View Full Version : latest visit to the rheumy!

03-28-2011, 07:36 AM
I had my latest visit with my rheumy on Friday just gone and I'm so glad I went. It was my first visit since spending the night in hospital in early march and he gave me some pretty interesting info. He said he was by no means surprised I had a bad flare up a few weeks ago but was surprised it wasn't worse and that I was getting around fine! He proceeded to take out my latest lot of tests which showed that disease activity had increased to 3 time wjat it was when I was officially diagnosed in June 2010. He noted some test of my kidneys indicated that the lupus has attempted to attack my my body still seems to be fighting it (god only knows how given I've been on methotrexate since last year so I have no immune system!) But my overall kidney function hasn't been affected. He thinks I came off the prednisolone too quickly last year before the disease was under good control.
There was about 10 other tests he explained which I can't remember now but he basically said I came back exactly at the right time so we could see the disease activity increasing but it hasn't affected anything just yet so it can still be worked against.
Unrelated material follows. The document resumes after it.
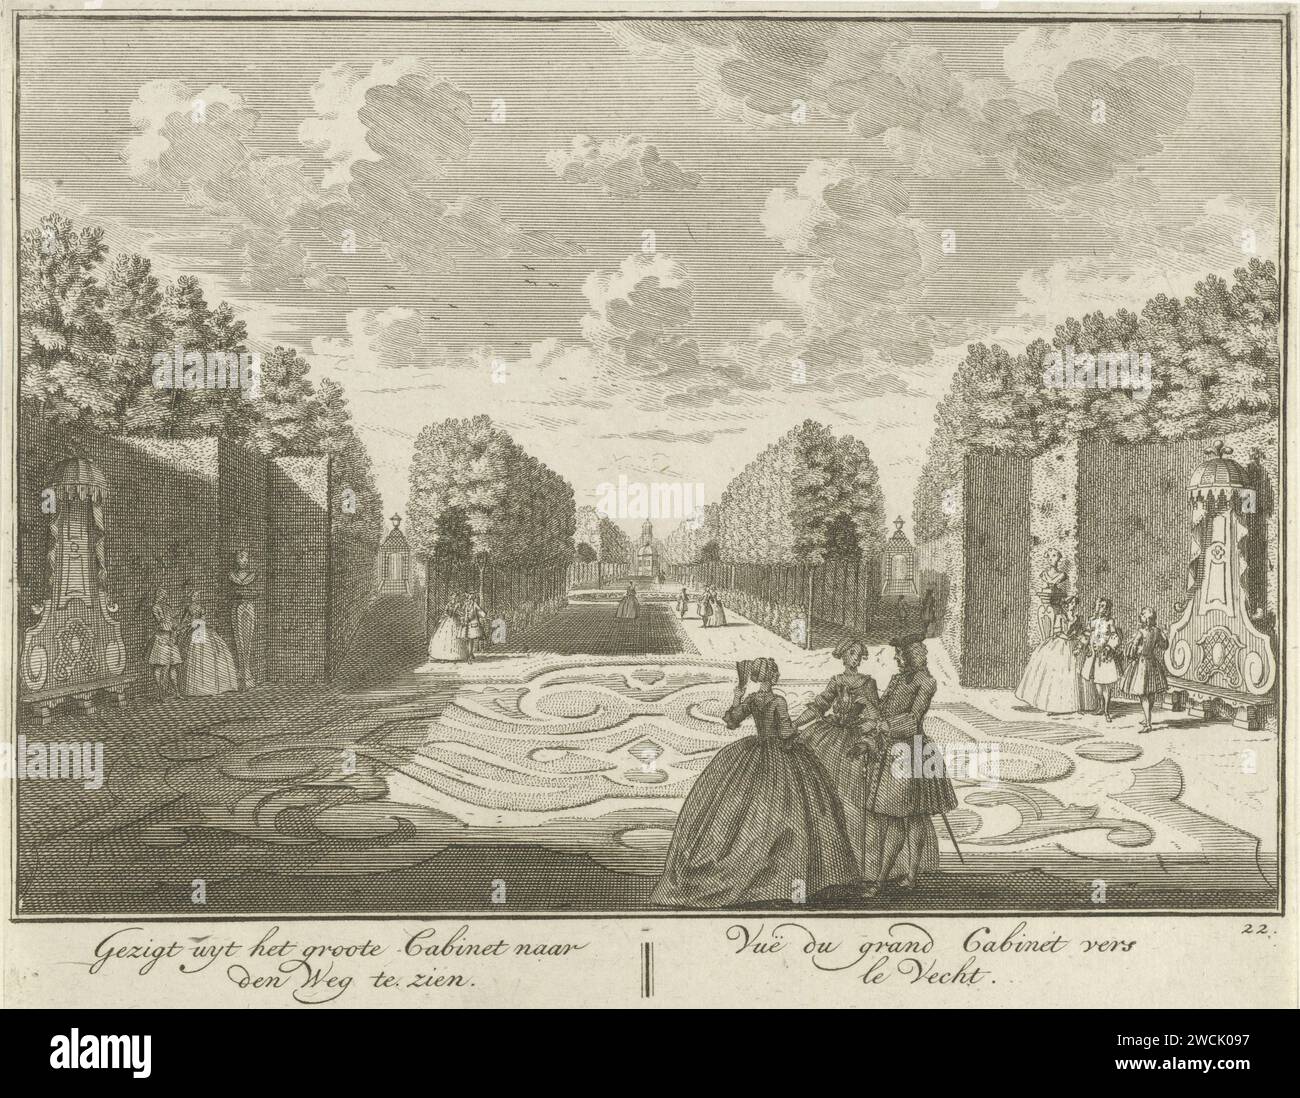 View from the cabinet on the garden of Huis ter Meer in Maarssen, Hendrik de Leth, c. 1740 print View from the cabinet on the French garden of Huis ter Meer. Spread through the garden are groups of figures. The print is part of a series with 26 faces at Huis ter Meer and the accompanying estate in Maarssen.  paper etching country-house. French or architectonic garden; formal garden House Ter Meer Stock Photo

While its not the best news its good it was caught in time. I feel I hit the jackpot with this rheumy too he explains every single test he does in laymans terms and the results and what that means for me. Thank god for my fab GP for the referral to him! Just a shame he's an older guy cos I imagine he'll be retiring in a few years time!

03-28-2011, 07:44 AM
Oh Nat that is wonderful news! I am so glad that you have such wonderful doctors! I agree, you hit the jackpot there! Thanks for the good news! That is always appreciated!

03-28-2011, 10:49 AM
Hi Nat,

Brillaint news mate and it's better when it's caught at the right time to get sorted out and controlled better i am pleased for you.

Mind you it's great when you have a rheumo who speaks straight with you and no messing about and it would be a shame to lose someone so good, that's more than i can say for my rheumo.

Hugs Terri x

03-28-2011, 08:08 PM
hi nat,

your rheumy sounds great. i, too, and happy that you found such a good dr.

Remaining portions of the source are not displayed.